31 luglio 2017 - 07:27

Lontana la riforma dell'ippica prevista dall'articolo 15 del Collegato Agricolo, il settore riparte dallo stanziamento del Mipaaf di parte del Preu sugli apparecchi da gioco.

Scritto da Sara Michelucci
Ippica, la riforma perduta

L'ippica italiana continua a essere al palo. La mancanza di certezze condita da una diminuzione delle risorse non aiuta di certo un settore che ancora non riesce a scrollarsi di dosso gli errori del passato.

La tanto agognata riforma, contenuta in quell'articolo 15 del Collegato Agricolo da tanti visto come lo strumento per ridare slancio al comparto, è ancora lontana e, forse, non andrà mai a buon fine.

Un mancato ottimismo che nasce, soprattutto, dopo la circolazione della bozza di decreto attuativo che il Mipaaf ha inviato al Mef.

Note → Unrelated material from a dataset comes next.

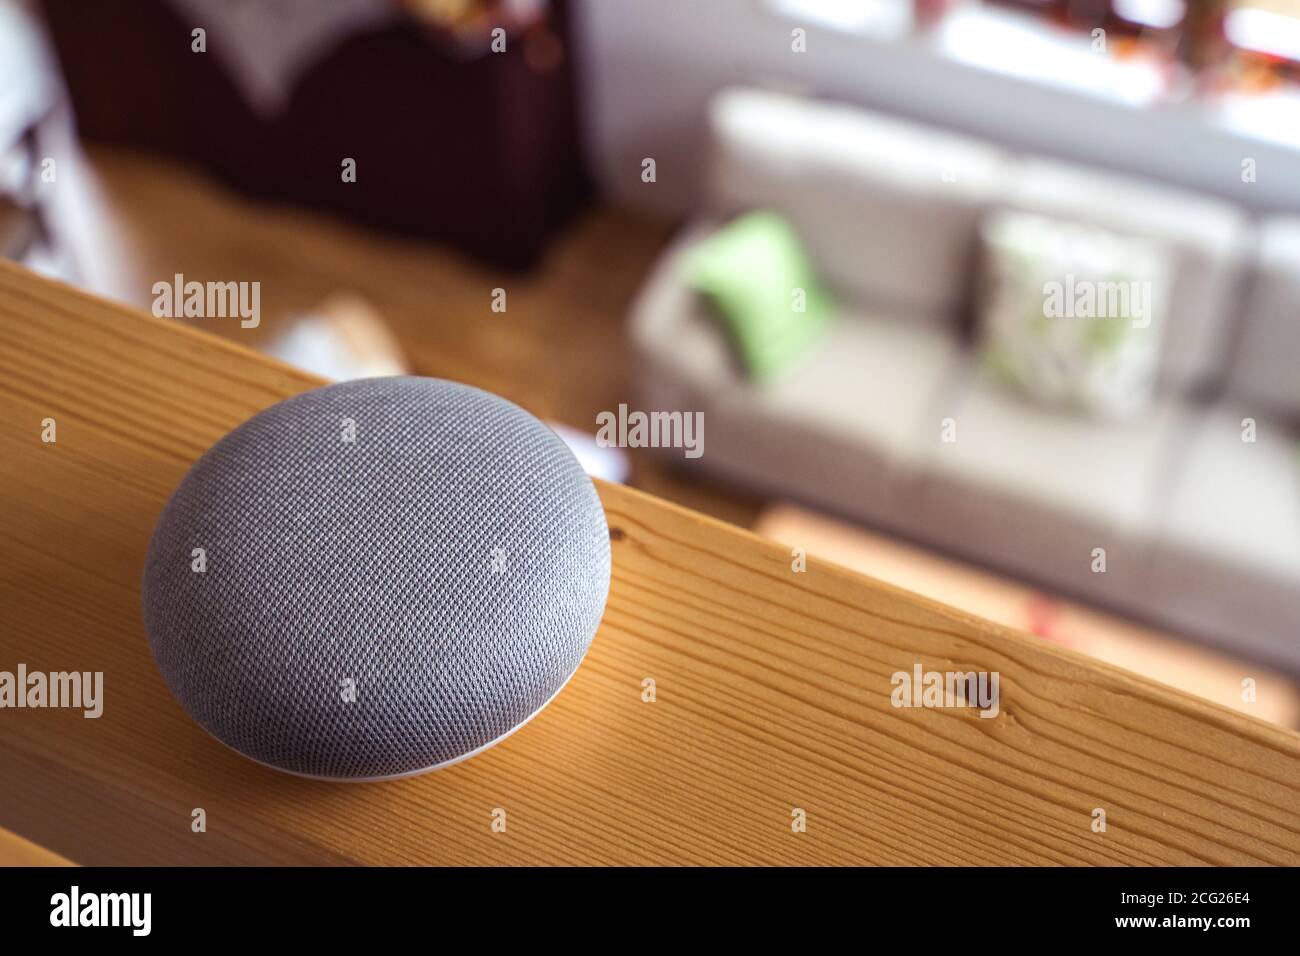 Smart speaker in home interior Stock Photo

Un testo molto criticato dagli operatori, per “l'incapacità di ridare autonomia e libertà di azione alle imprese del comparto”, dicono alcuni, mentre altri sostengono che non c'è chiarezza sulle risorse finanziarie con cui dovrebbe essere sostenuta l'ippica e criticano soprattutto il taglio del 20 percento all'anno degli attuali finanziamenti per arrivare a zero finanziamenti al quinto anno.
 
Per non parlare poi della situazione di alcuni ippodromi italiani, costretti a chiudere o lasciati in stato di abbandono. Un pezzo di storia che se ne va con loro e che, di certo, non dà una bella immagine del nostro Paese all'estero.
 
Ma nonostante tutto, c'è chi continua a credere che un rilancio sia possibile, investendo su un settore per molti ormai in declino, ma che invece promette ancora di dare dei risultati se giustamente valorizzato.
 
La nota positiva per il settore è lo stanziamento da parte del Mipaaf di una percentuale del Preu degli apparecchi da intrattenimento (poco più di 6 milioni di euro) per l’aumento della dotazione media per giornata di corse, per le giornate ancora da disputarsi nel periodo 1° agosto – 31 dicembre 2017. Una misura che, se non sarà accompagnata da una seria e ragionata azioni di riforma del comparto, rischia di essere un ulteriore palliativo.